Frame Sink: allows sending video frames from a user application to an FPGA device connected through PCI-e. From the architecture perspective, a design could only have a Frame Sink and a hardware accelerator for controlling a display or a series of devices, which interacts with the incoming video stream.

HW accelerator: this subsystem allows for the processing of frames by complex algorithms. Algorithms implemented in hardware are less power-intensive, faster and allow for massive parallelism. An example of an HW accelerator is a demosaicing accelerator, which involves three convolutions running simultaneously at 8 pixels per clock each.

Frame Grabber: allows capturing frames from a PCI-e connected FPGA device. A possible design can only have this subsystem, making possible to connect a camera to the FPGA directly and perform the deserializing, decoding and demosaicing without adding any overhead to the system processor, which will receive the frames ready for their consumption.

FPGA

A Field Programmable Gate Array (FPGA) is an integrated circuit which can be configured after manufacturing. The FPGA allows implementing heavy computational algorithms described as hardware and offering massive parallelism, which leads to multi-pipeline architectures and vectorial computing.

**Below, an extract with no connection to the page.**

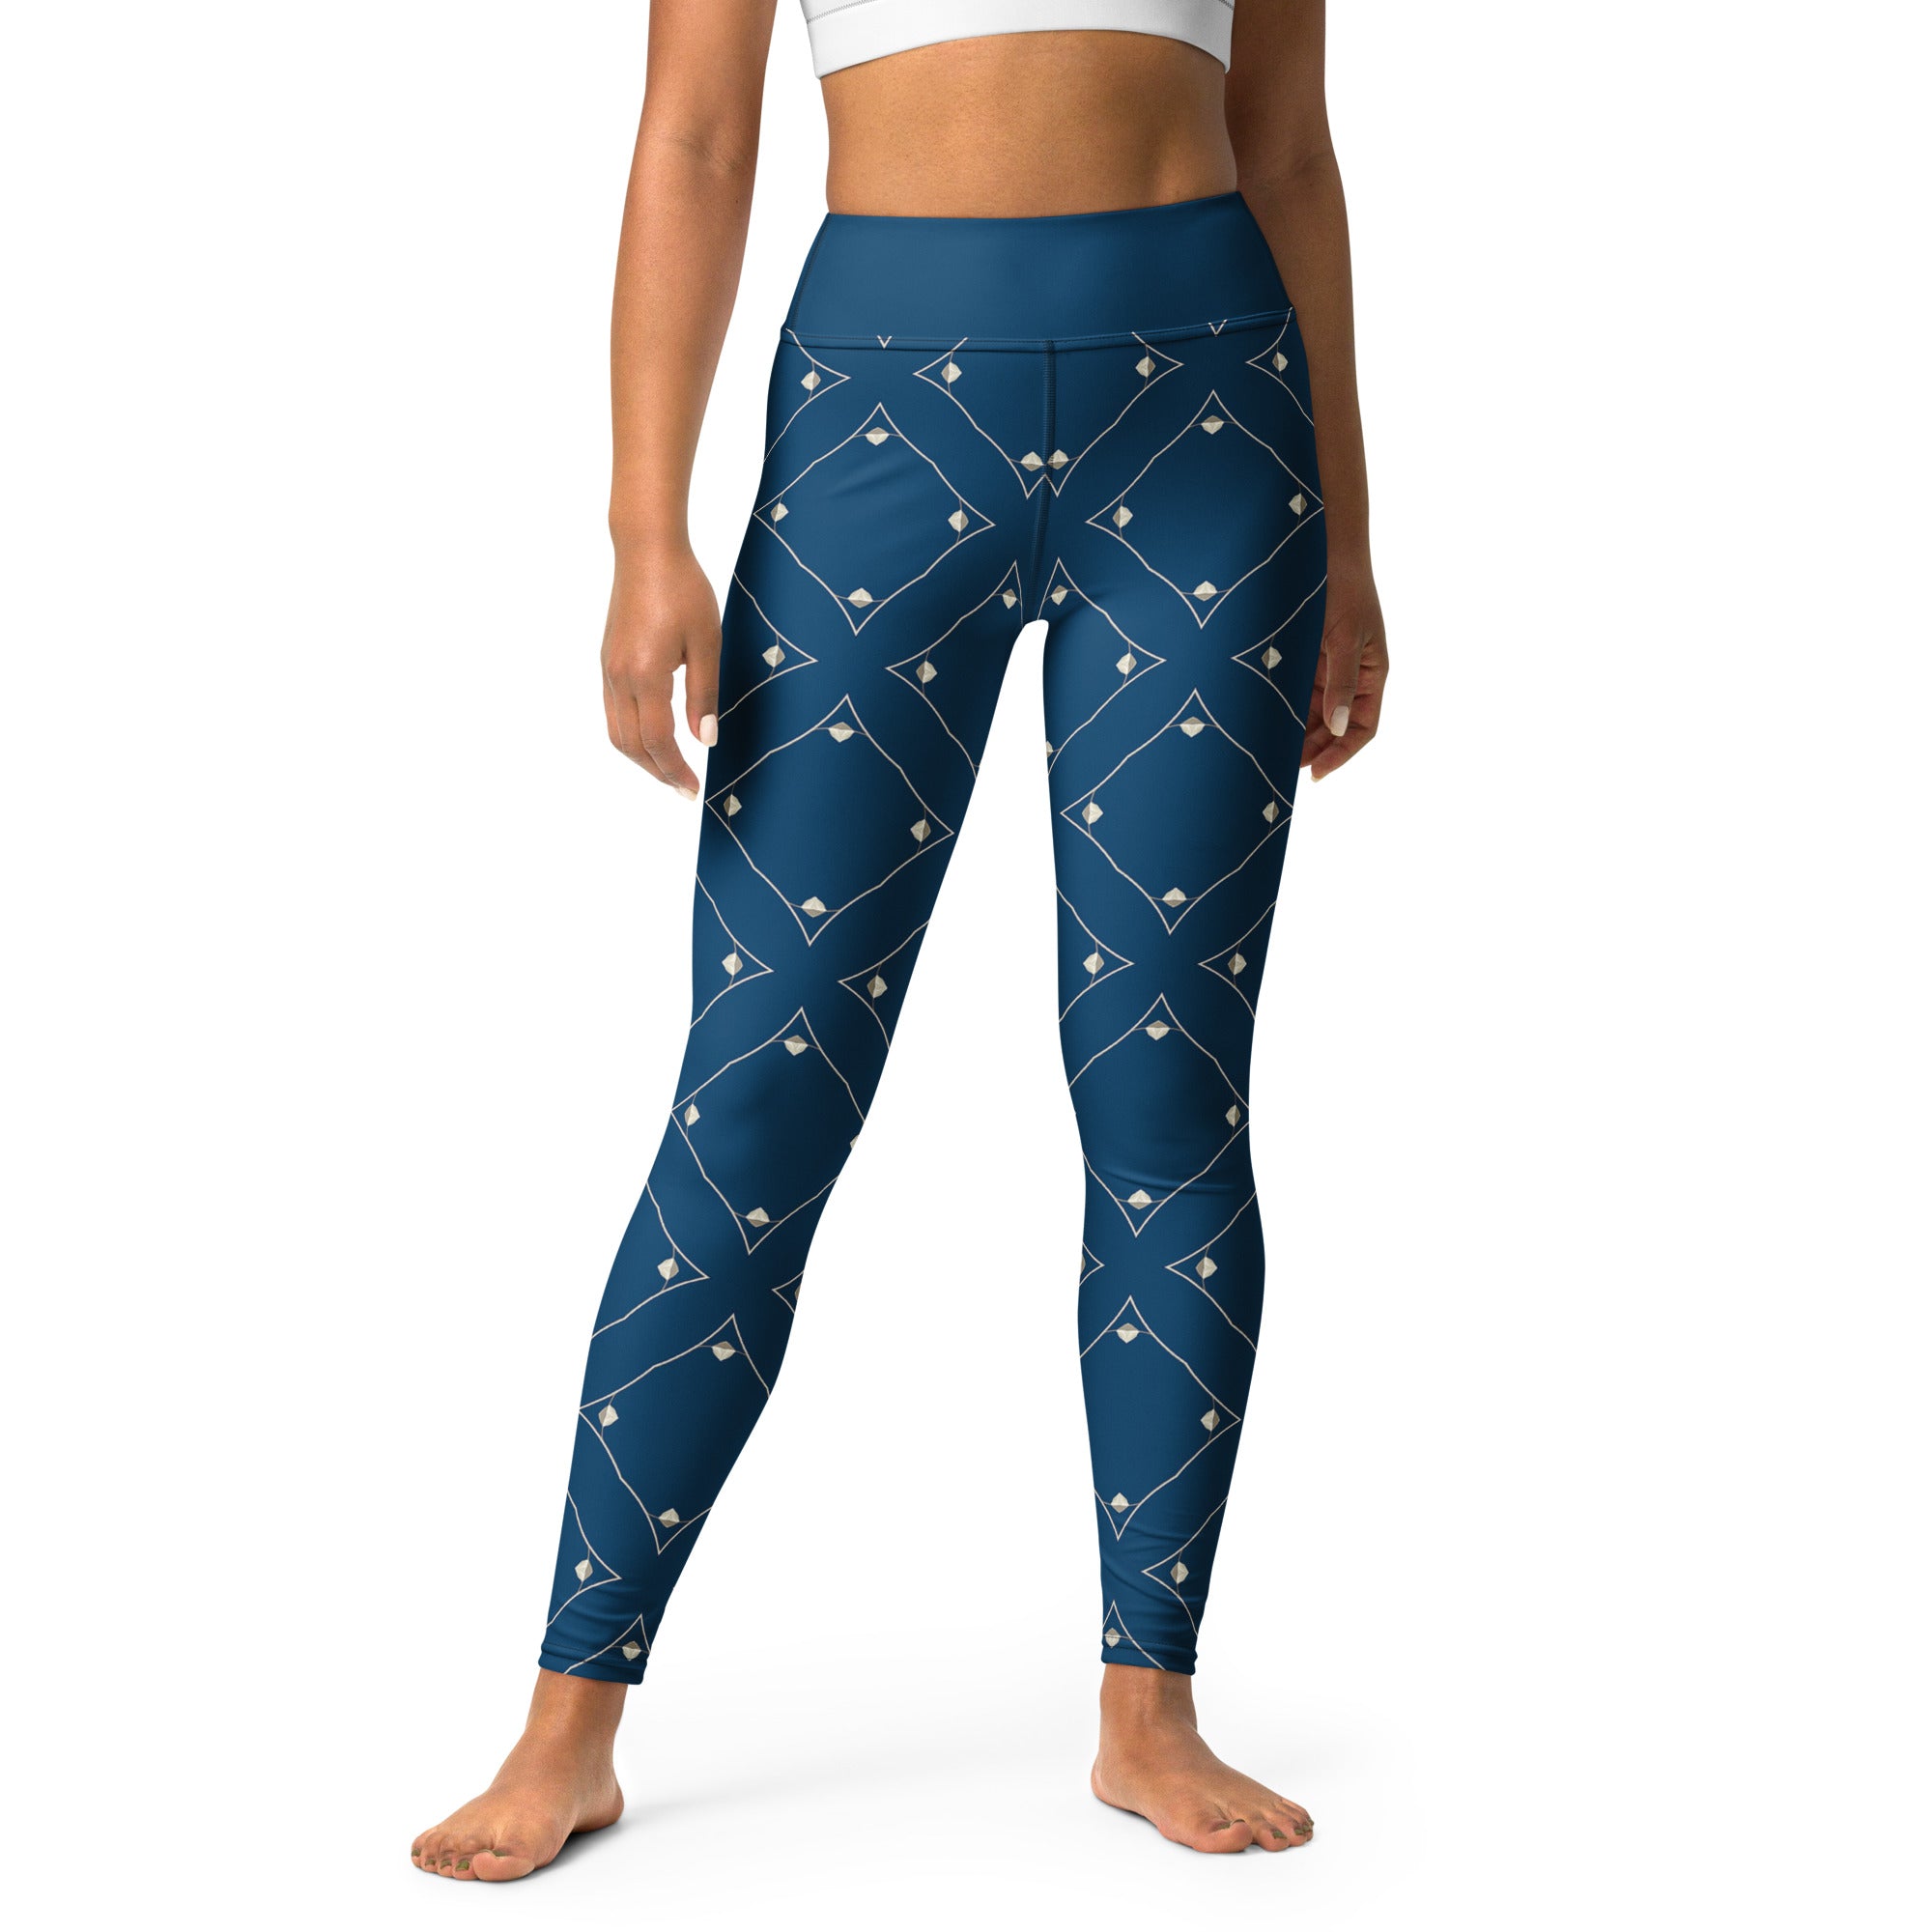 Mystic Mirage Yoga Leggings with colorful pattern on display.

One of the key strengths of FPGA is its capability of implementing software algorithms on hardware, which can be run at one computation per clock or even more, depending on the optimization techniques employed for parallelizing during the hardware description. In the field of Image Processing, custom image processing applications can be described as hardware on FPGA. It allows accelerating algorithms to the limits and achieving better performance in terms of GLOPS/Watt, resulting in high-performance computation with a lower consumption than GPUs.

Another main advantage of the FPGA is the possibility of reconfiguring it on-demand, making possible to change the accelerators when they are required.

PCIe

PCI Express is a high-speed communication standard. PCI-e slots can contain multiple lanes allowing for further speed-up by transmitting information in each slot by parallel. PCI-e is the common interface for devices with high bandwidth requirements such as GPUs, Wi-Fi cards, Solid-State disks and, now FPGAs.

Version Bandwidth (per lane) Bandwidth (per lane in a 16x slot)
PCIe 1.0 2 Gbit/s 32 Gbit/s
PCIe 2.0 4 Gbit/s 64 Gbit/s
PCIe 3.0 7.877 Gbit/s 126.032 Gbit/s
PCIe 4.0 15.752 Gbit/s 252.032 Gbit/s

PCI-e compatible cards also come in a Mini Card factor which has a more flexible physical specification to connect to the PCIe bus, one example of these cards is the PicoEVB board, which allows connecting an FPGA to laptops or embedded systems.

V4L2

Video4Linux is a collection of drivers and a common API for supporting realtime video capture on Linux systems.

The V4L2 provides a video capture interface to get video data from a tuner or camera device, a video output interface which can provide video images outside of the device.

The API also implements code which enables applications to discover a given device's capabilities and to configure the device to operate in the desired manner. These include cropping, frame rates, video compression, image parameters, video formats, etc.